++++ Supplied data

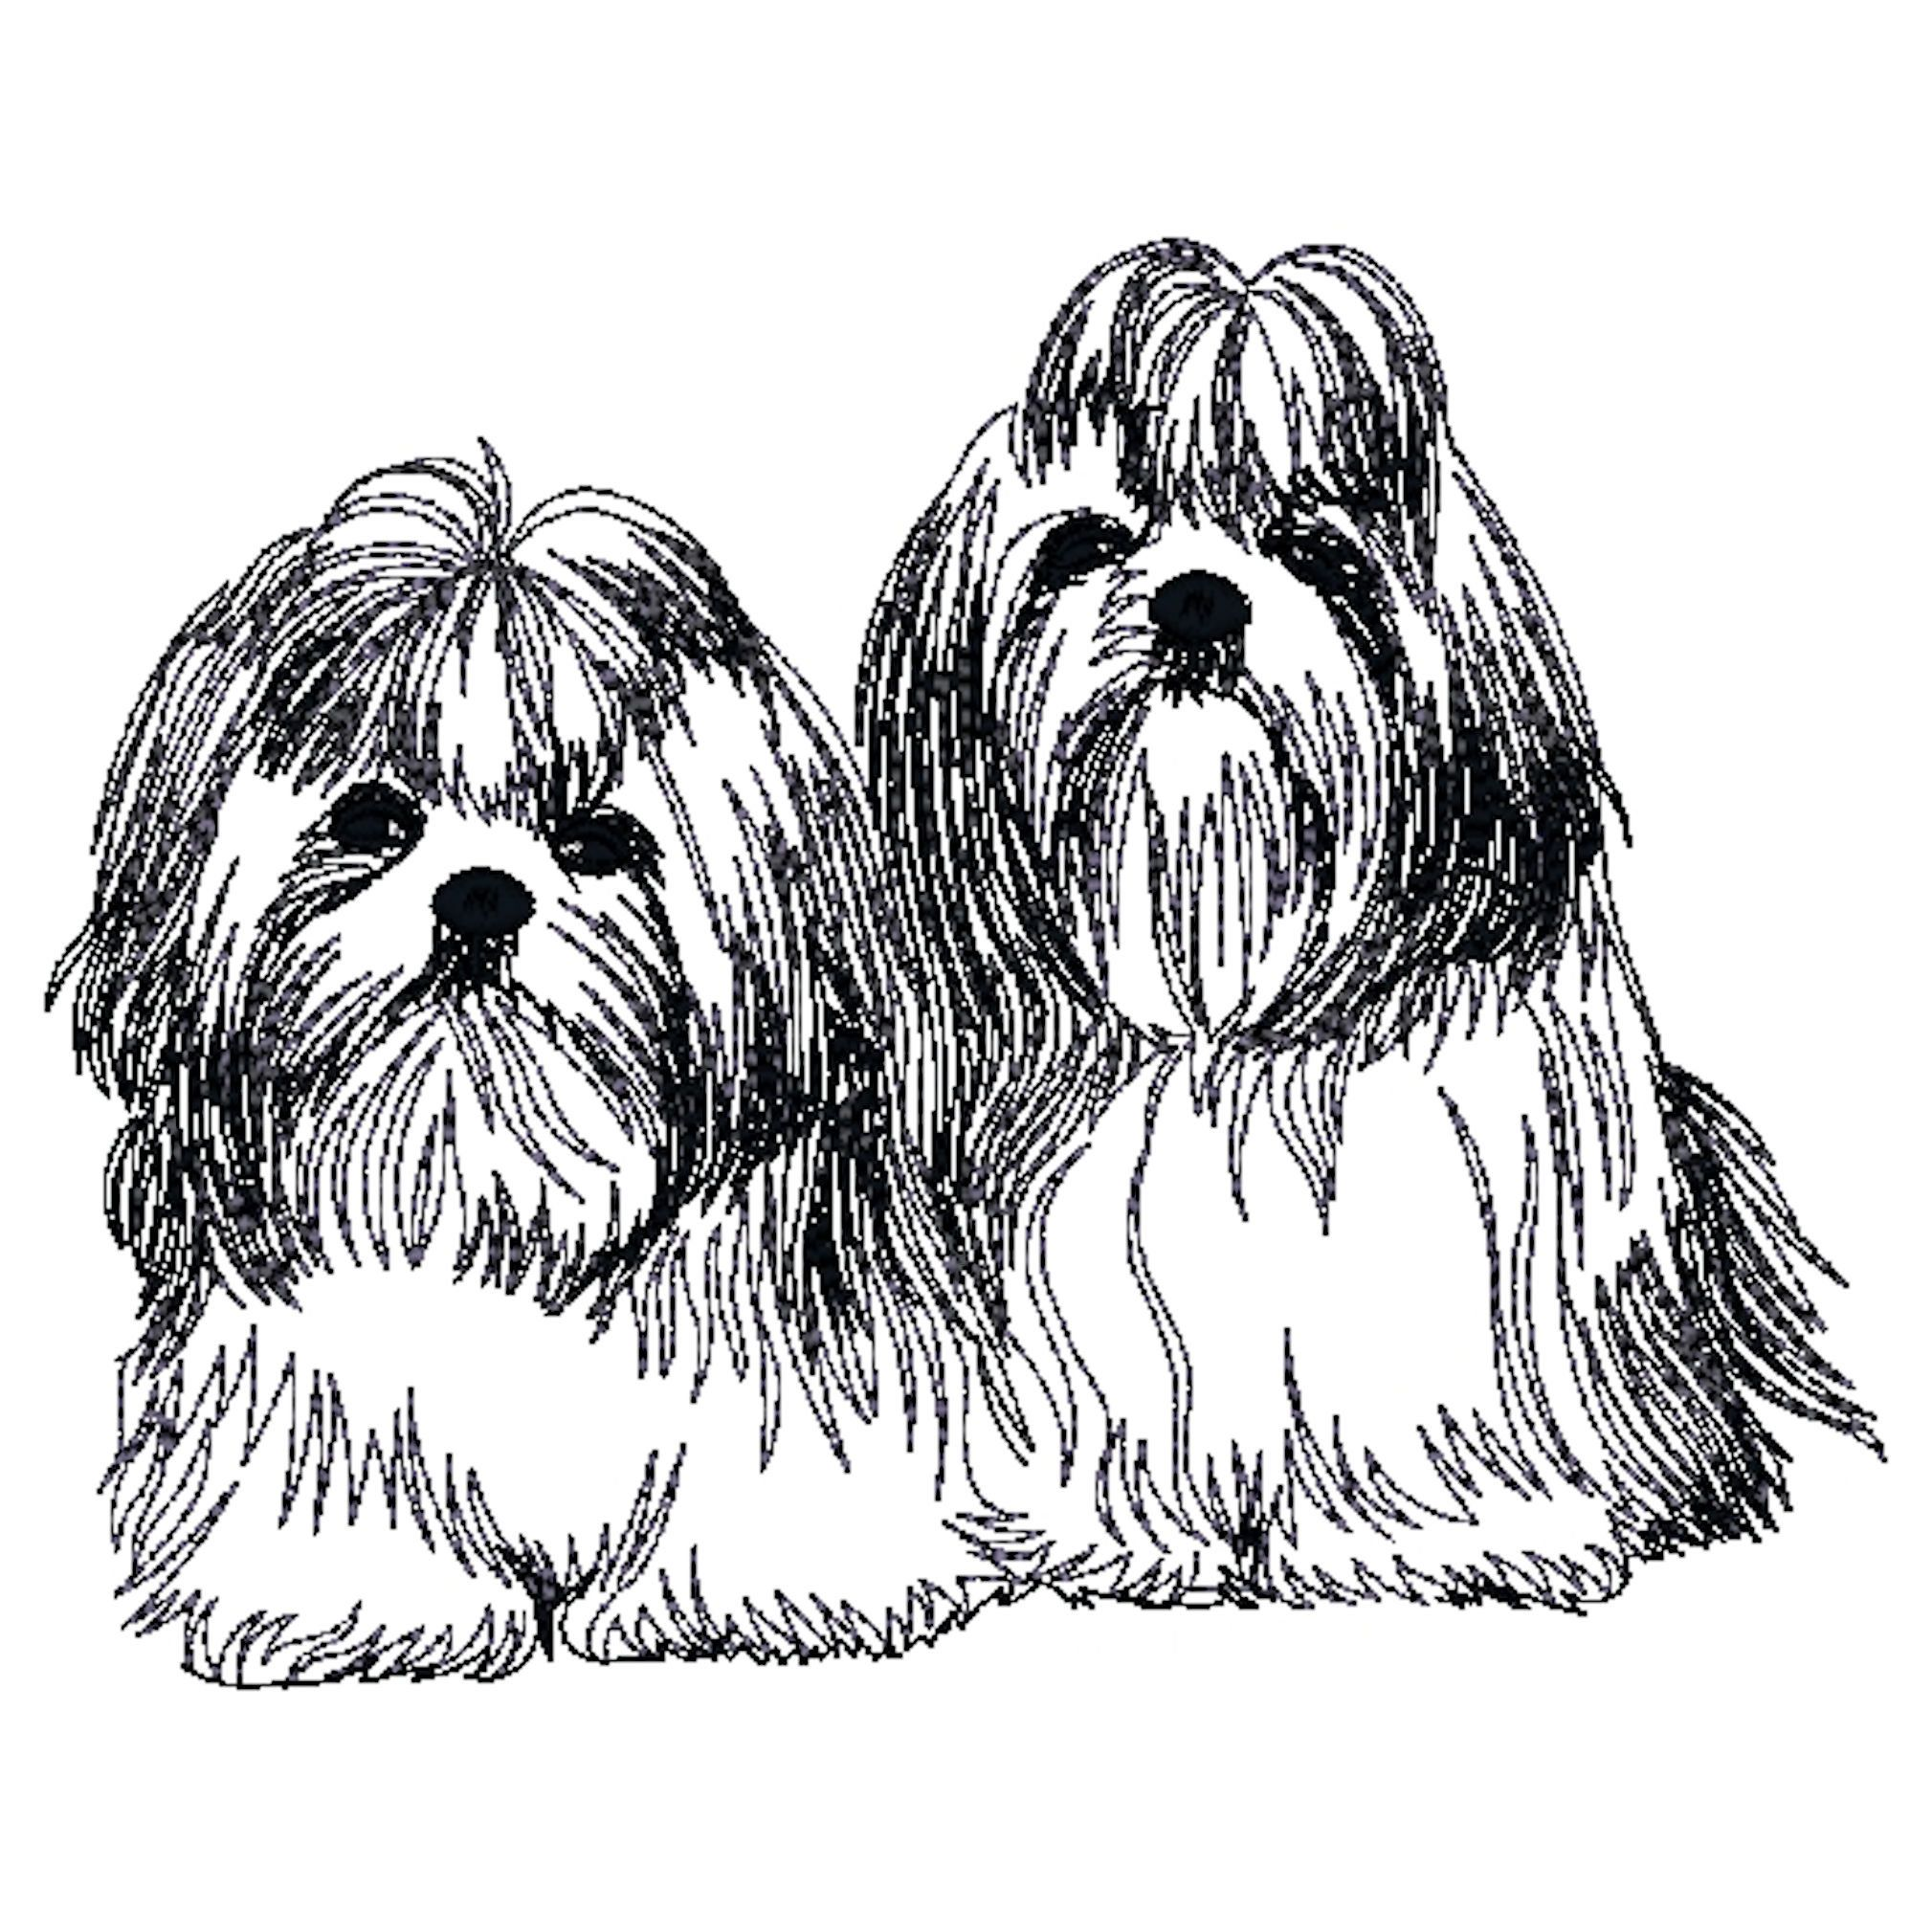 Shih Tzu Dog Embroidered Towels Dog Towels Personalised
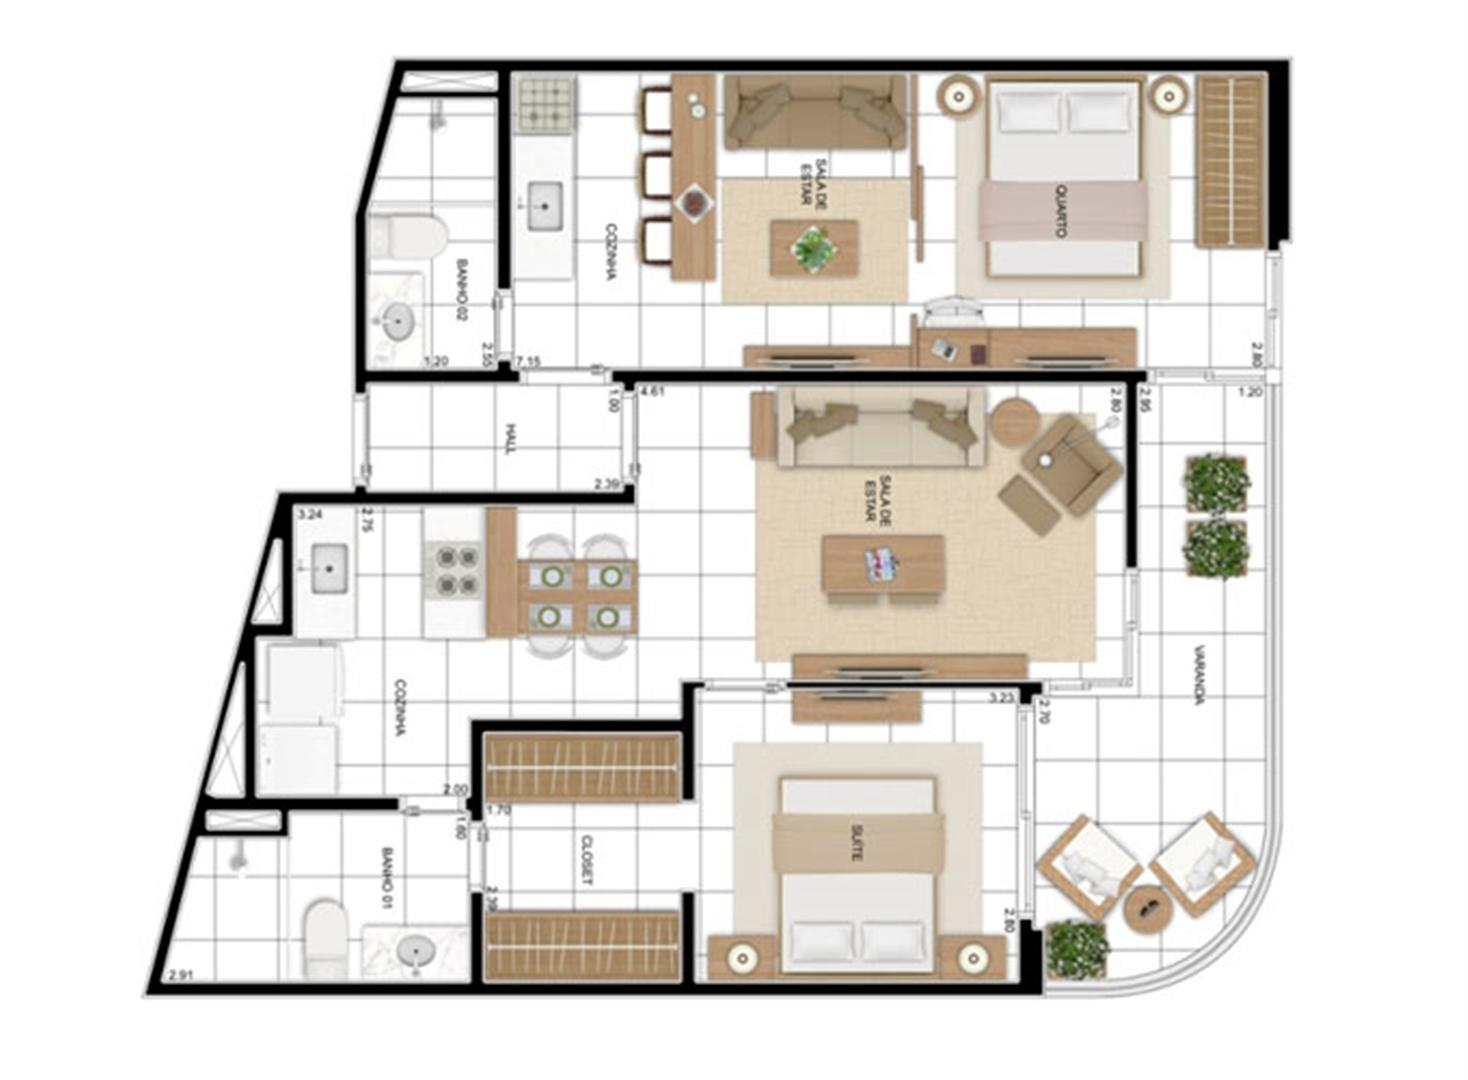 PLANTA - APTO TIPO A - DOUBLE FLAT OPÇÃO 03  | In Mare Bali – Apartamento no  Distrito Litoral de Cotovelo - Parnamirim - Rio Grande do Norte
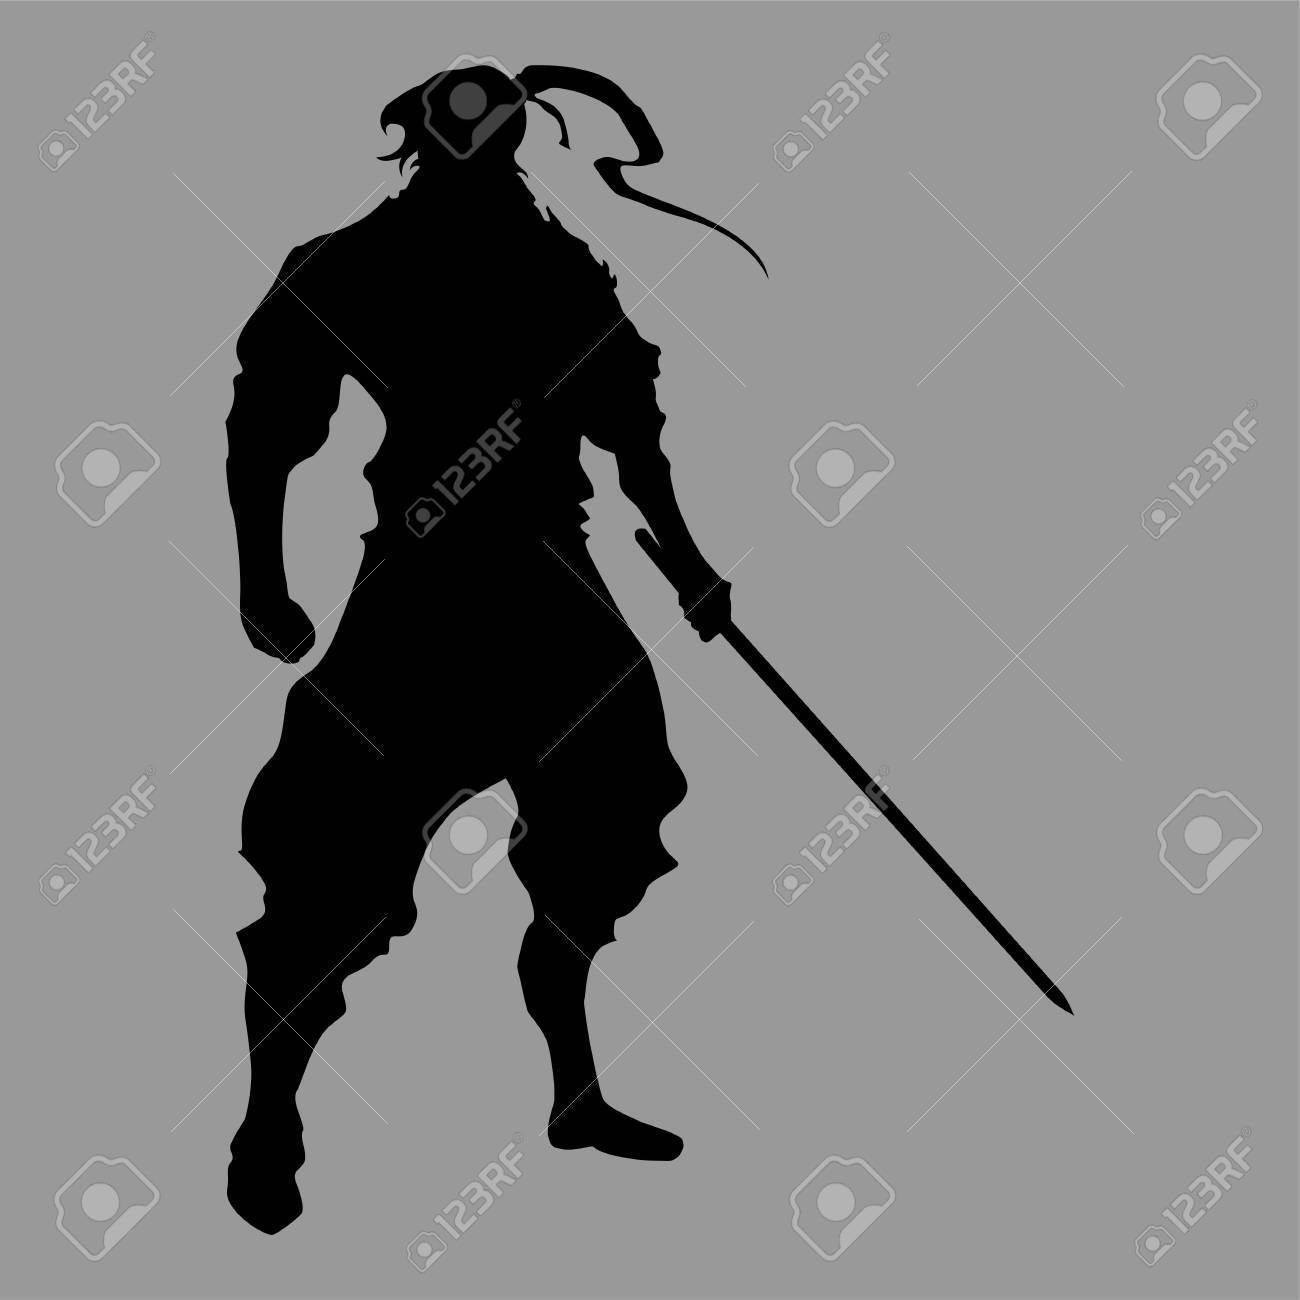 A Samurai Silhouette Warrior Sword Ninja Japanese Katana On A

++++++++

### Required work
Set down each line of the material exactly and skip every image.

### Problem solution
 Shih Tzu Dog Embroidered Towels Dog Towels Personalised
 PLANTA - APTO TIPO A - DOUBLE FLAT OPÇÃO 03  | In Mare Bali – Apartamento no  Distrito Litoral de Cotovelo - Parnamirim - Rio Grande do Norte
 A Samurai Silhouette Warrior Sword Ninja Japanese Katana On A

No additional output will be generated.